### Instructions for the task
An exact copy of the listing below is required, minus its pictures.
---------- Stored data ----------
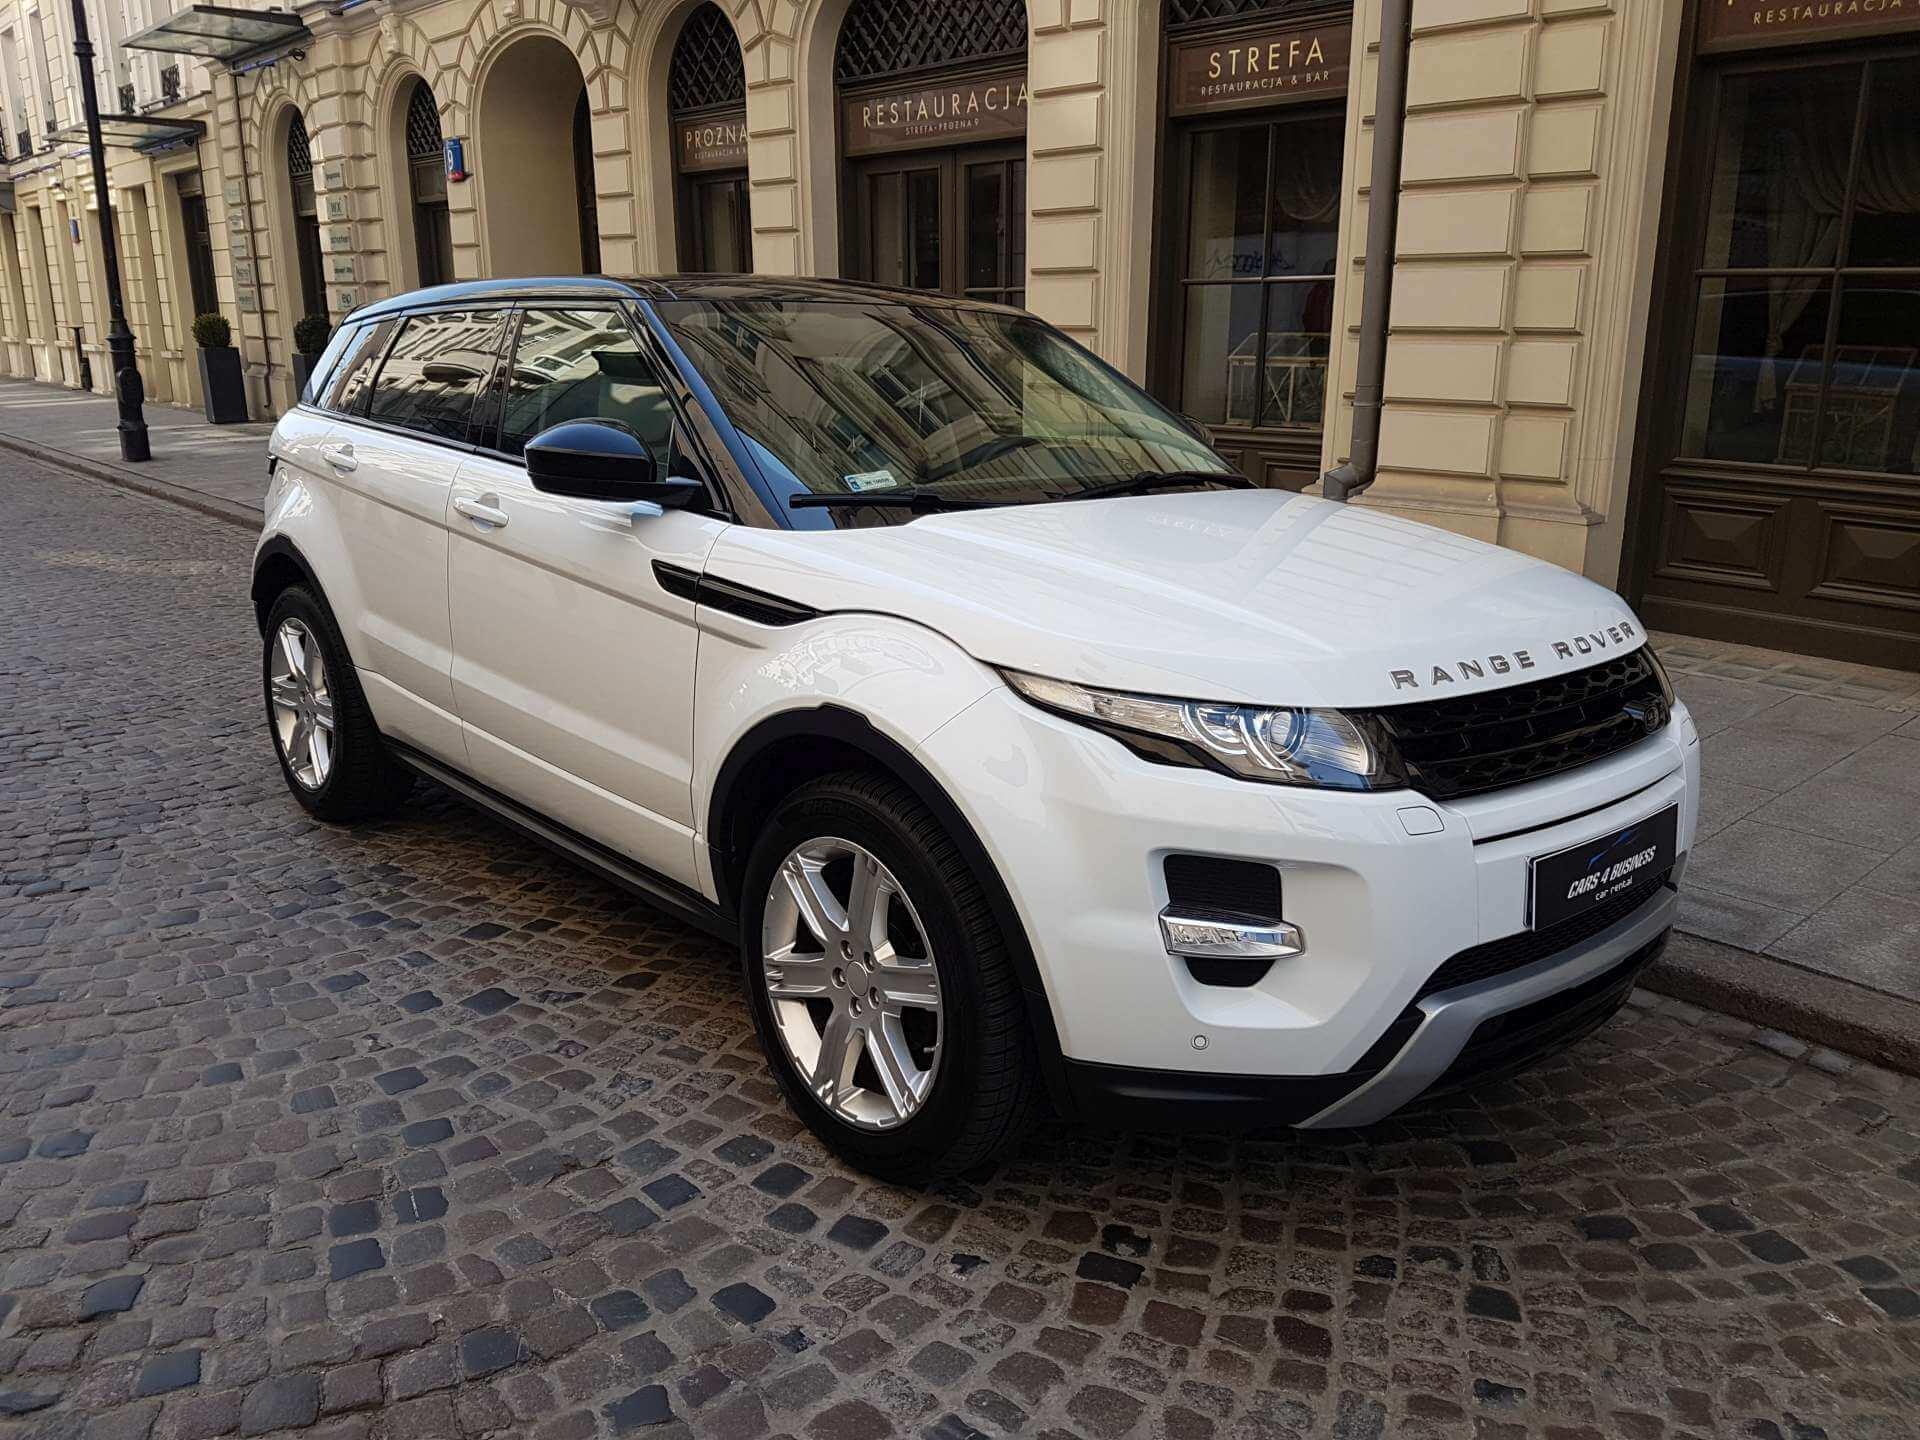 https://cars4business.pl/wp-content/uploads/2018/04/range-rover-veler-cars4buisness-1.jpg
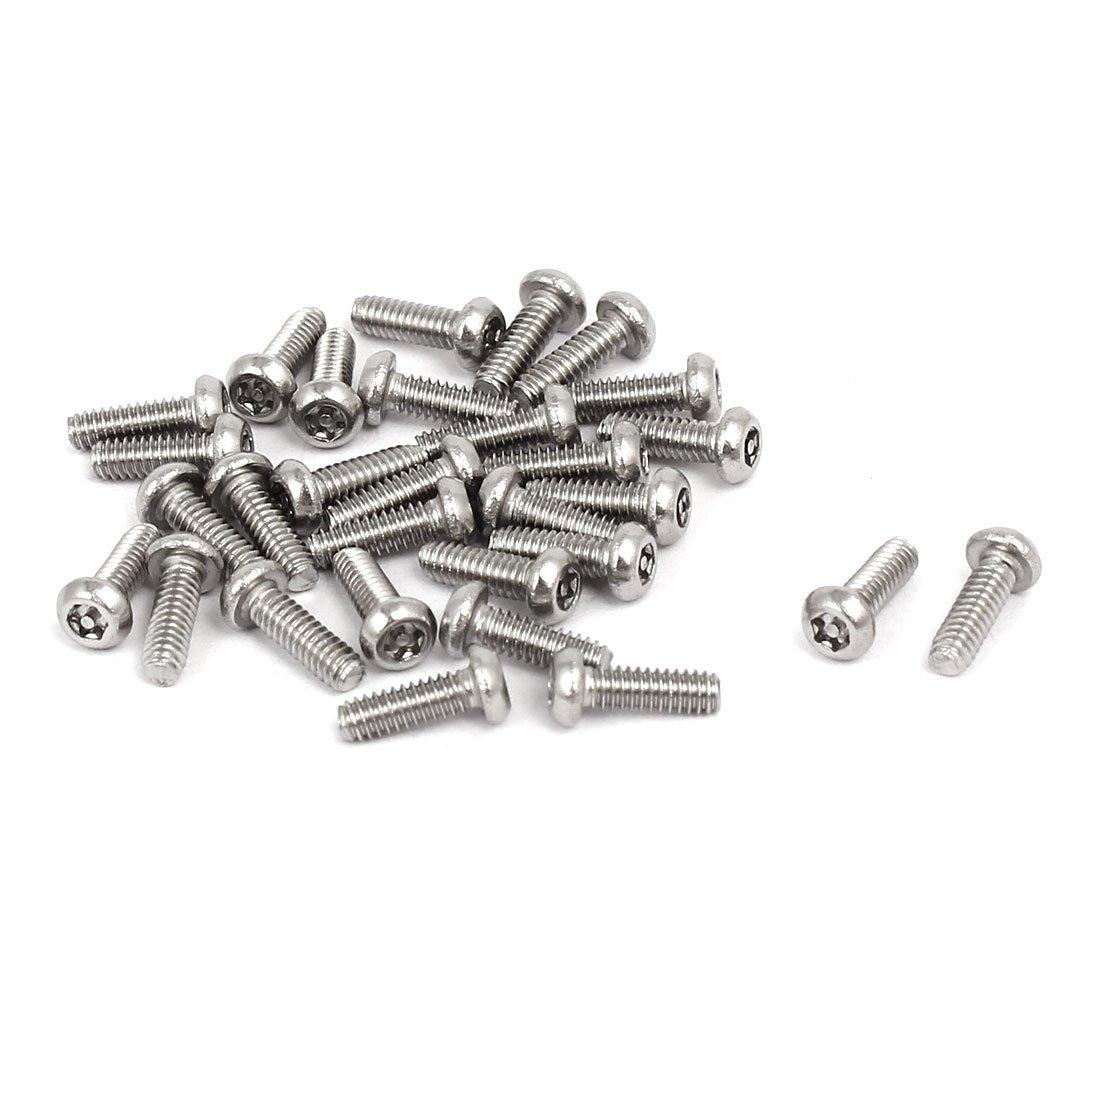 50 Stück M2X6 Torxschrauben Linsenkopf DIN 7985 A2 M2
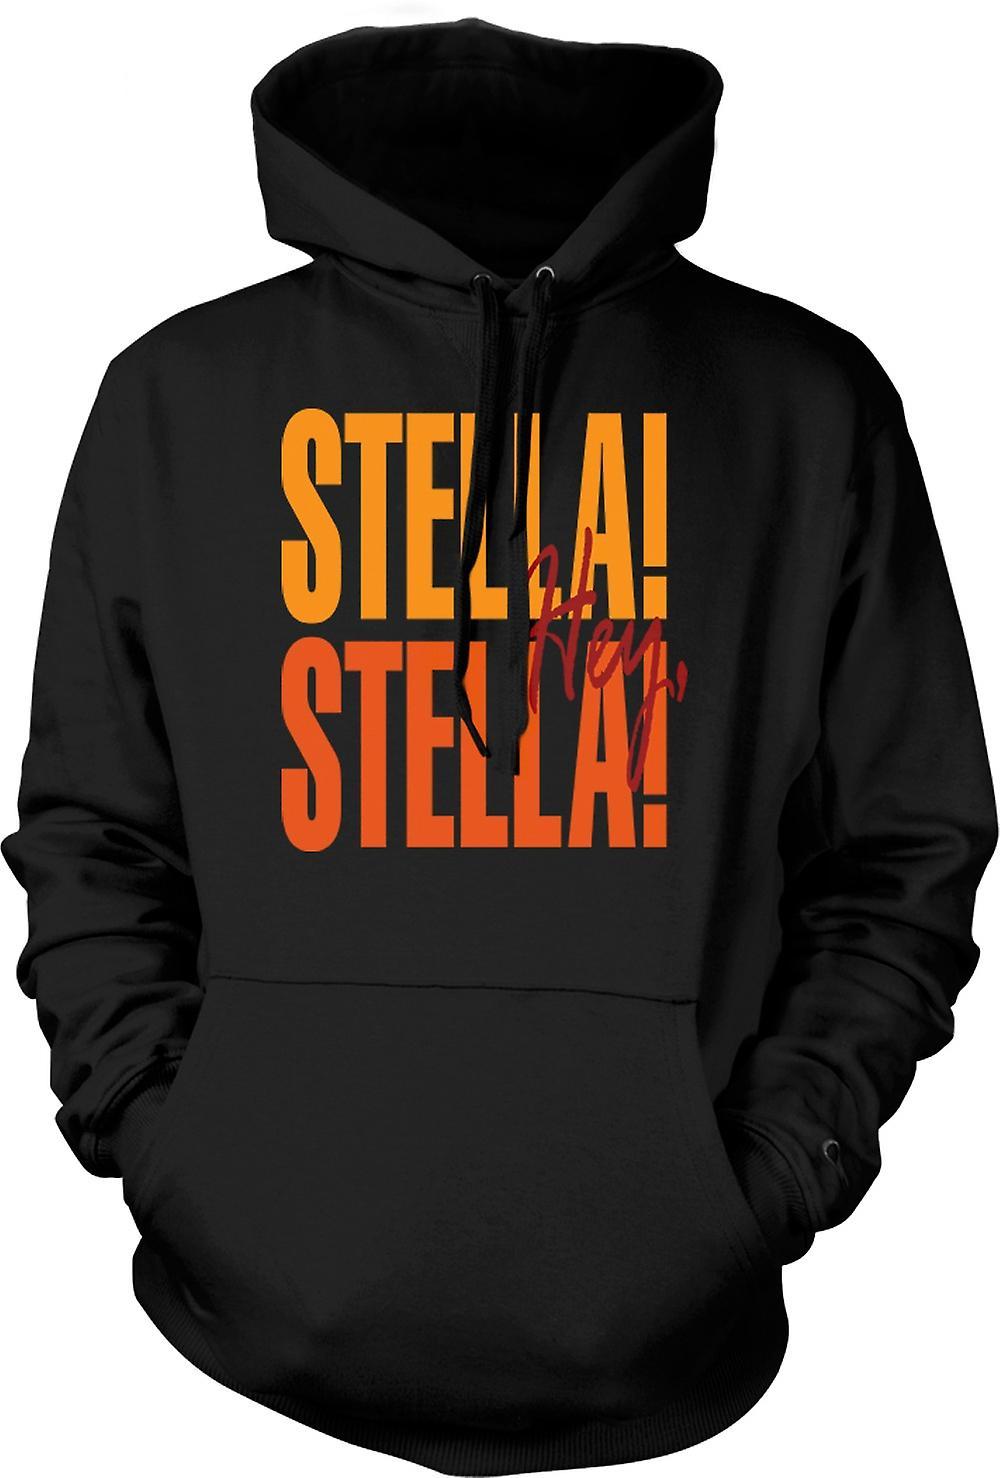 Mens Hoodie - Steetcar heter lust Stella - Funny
----------
### Answer to the exercise
 https://cars4business.pl/wp-content/uploads/2018/04/range-rover-veler-cars4buisness-1.jpg
 50 Stück M2X6 Torxschrauben Linsenkopf DIN 7985 A2 M2
 Mens Hoodie - Steetcar heter lust Stella - Funny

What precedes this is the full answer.